Postcard from . . . Bangkok: goodbye to a grand old station

That most venerable matriarch of south-east Asian rail travel, Bangkok’s much-loved Hua Lamphong station, is about to be shunted into the sidings. Next month the grande dame will in effect be handed her redundancy notice by the opening of upstart Bang Sue, a spanking new airport-lookalike rail hub, 8km to the north.

The anodyne Bang Sue Grand Station, with 26 platforms over four floors, will be the largest in the region and a key player in future rail plans — but it represents a sad day for lovers of great railway cathedrals. For the past 105 years Hua Lamphong, the airy neo-Renaissance creation of Italian architect Mario Tamagno, has suffused the Thai rail travel experience with something approaching the sacred.

Its marble floor and huge, vaulting arched roof, with stained-glass windows at either end, have bestowed a sense of peace on the expectant congregation inside, with its liberal benediction of saffron-robed monks. Pale, sepulchral light rinses the concourse as far as a ticket barrier.

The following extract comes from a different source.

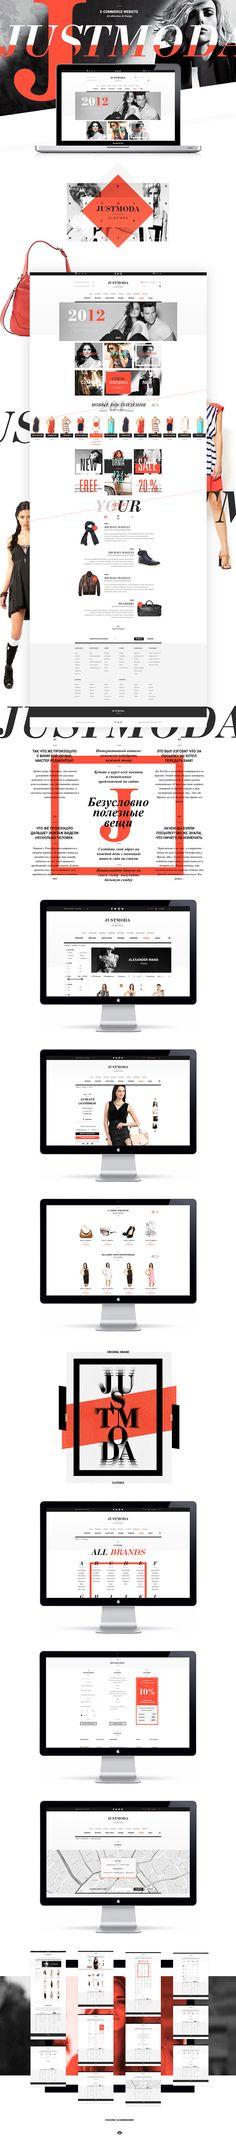 Justmoda web design
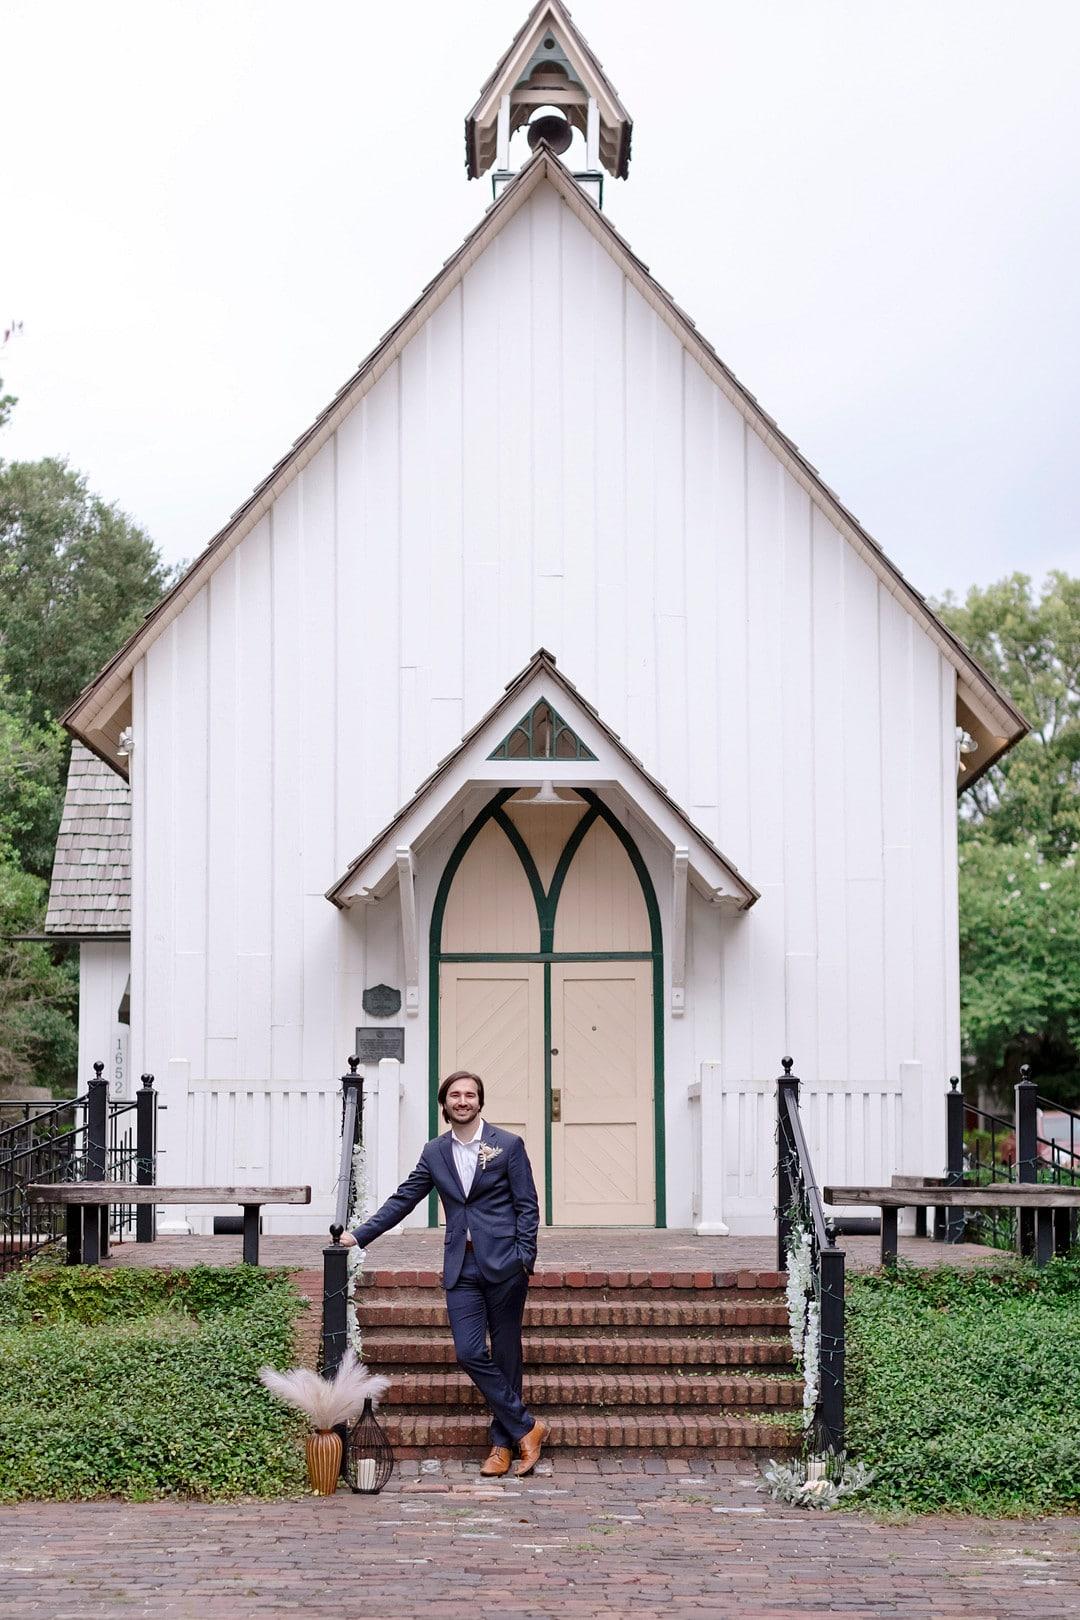 Elegant Boho Wedding Picnic_Susan Dixon Photography, LLC_susan-dixon-047_low

The station was commissioned by King Chulalongkorn, a Europe enthusiast who first brought rail transport to Thailand in the late 19th century, and it was partially modelled on Frankfurt’s Hauptbahnhof. For many a traveller from overseas, discovering the east for the first time, its balustraded threshold has been a magic portal: board a sleeper in the heart of Bangkok’s pungent maelstrom, and wake up among the rainforested tribal mountains of the north, or the golden beaches and tropical islands of the south.